Top of DATA EXTRACT
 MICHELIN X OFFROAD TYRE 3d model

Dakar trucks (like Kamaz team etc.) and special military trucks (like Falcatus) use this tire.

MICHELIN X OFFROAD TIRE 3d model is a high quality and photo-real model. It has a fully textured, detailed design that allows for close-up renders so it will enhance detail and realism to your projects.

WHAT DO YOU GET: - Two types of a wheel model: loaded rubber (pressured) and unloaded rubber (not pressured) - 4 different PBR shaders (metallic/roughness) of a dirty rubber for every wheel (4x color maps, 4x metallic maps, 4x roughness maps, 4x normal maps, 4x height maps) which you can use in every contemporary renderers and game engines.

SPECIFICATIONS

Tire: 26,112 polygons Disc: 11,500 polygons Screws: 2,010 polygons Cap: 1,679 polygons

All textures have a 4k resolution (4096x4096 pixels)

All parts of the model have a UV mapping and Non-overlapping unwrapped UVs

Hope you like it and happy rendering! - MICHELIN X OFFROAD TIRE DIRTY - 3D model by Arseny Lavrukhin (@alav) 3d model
Bottom of DATA EXTRACT
Top of DATA EXTRACT
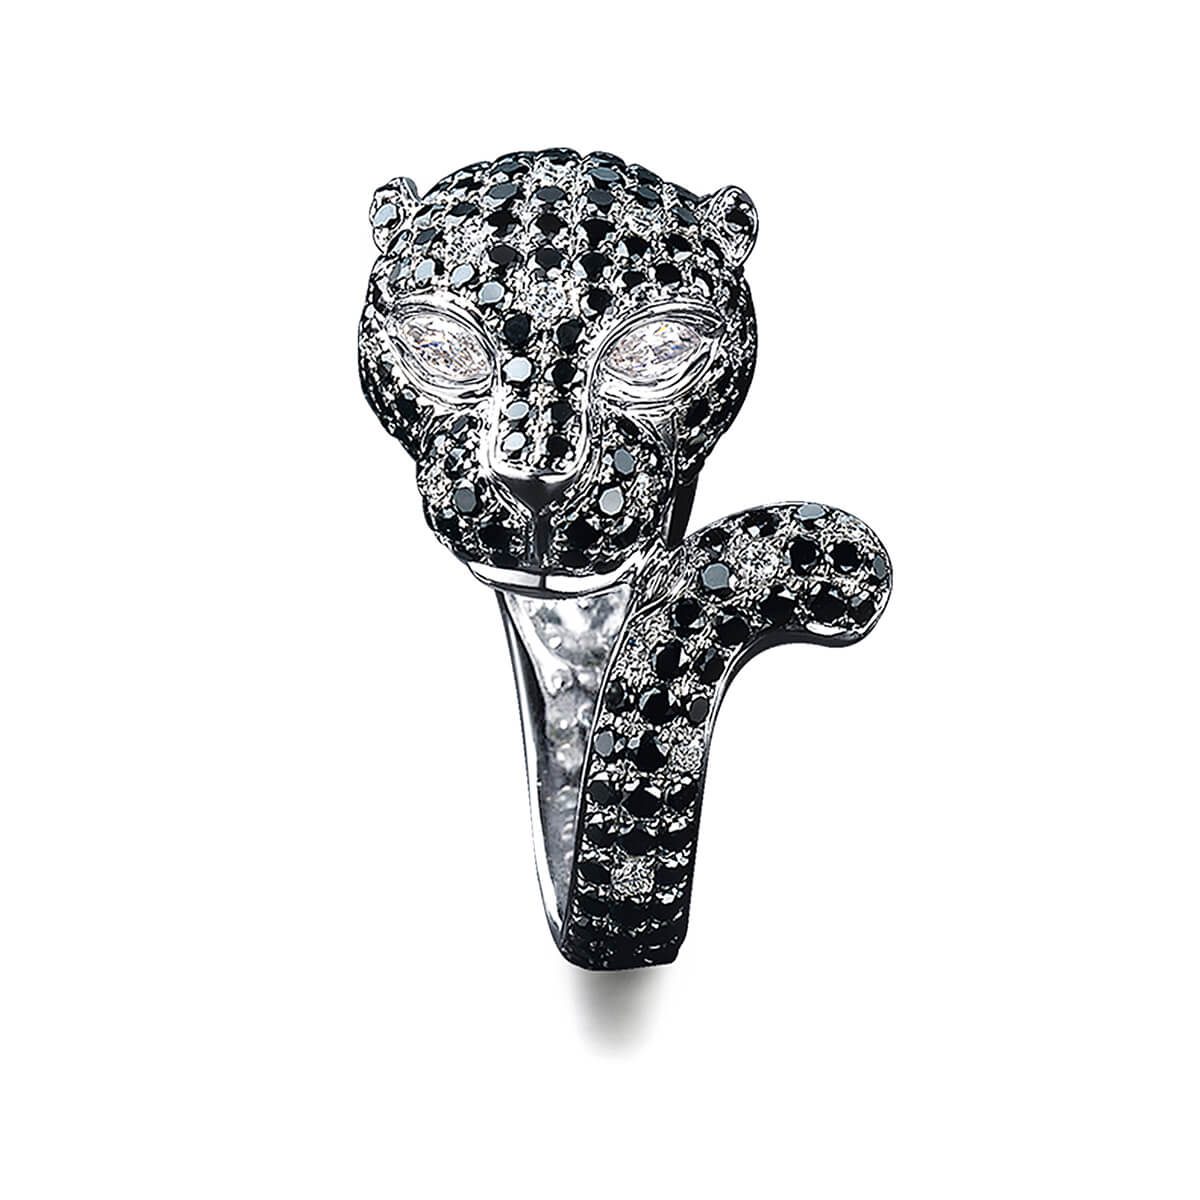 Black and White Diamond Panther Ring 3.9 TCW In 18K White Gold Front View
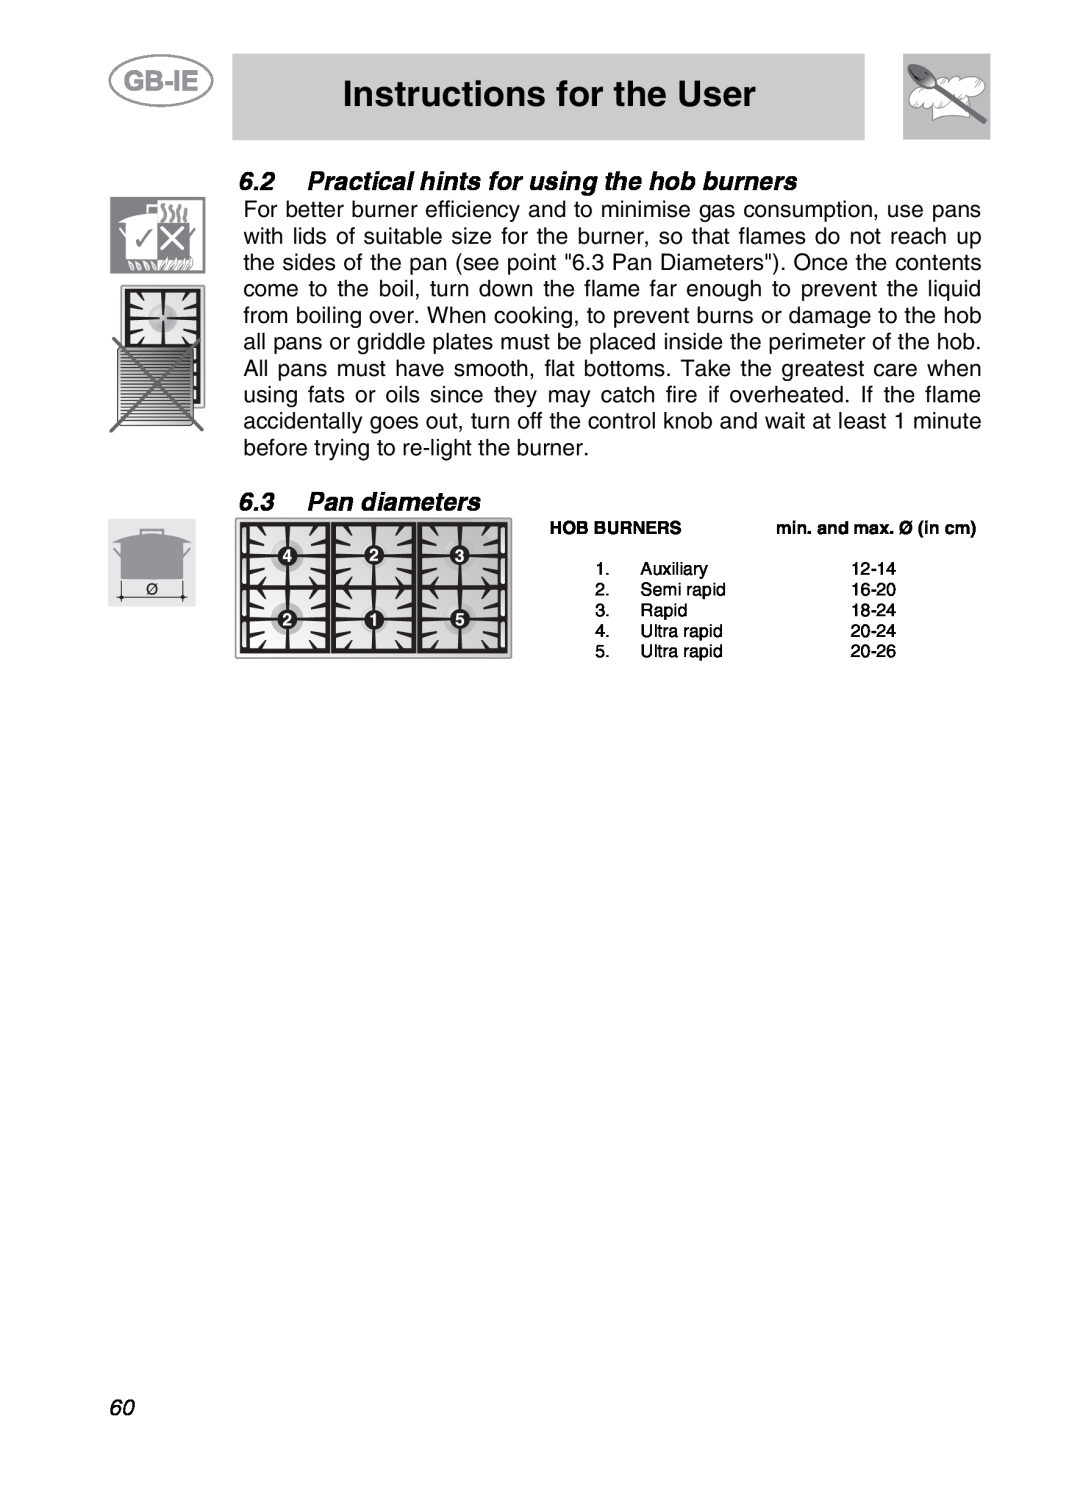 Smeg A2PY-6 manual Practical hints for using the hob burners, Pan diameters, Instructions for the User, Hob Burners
Bottom of DATA EXTRACT
■ YOUR INSTRUCTIONS: Take the lines above from the one containing "MICHELIN X OFFROAD TYRE 3d model" to the one containing "MICHELIN X OFFROAD TIRE 3d" and retype them exactly, both ends included, with nothing added.

■ TASK OUTPUT:
 MICHELIN X OFFROAD TYRE 3d model

Dakar trucks (like Kamaz team etc.) and special military trucks (like Falcatus) use this tire.

MICHELIN X OFFROAD TIRE 3d model is a high quality and photo-real model. It has a fully textured, detailed design that allows for close-up renders so it will enhance detail and realism to your projects.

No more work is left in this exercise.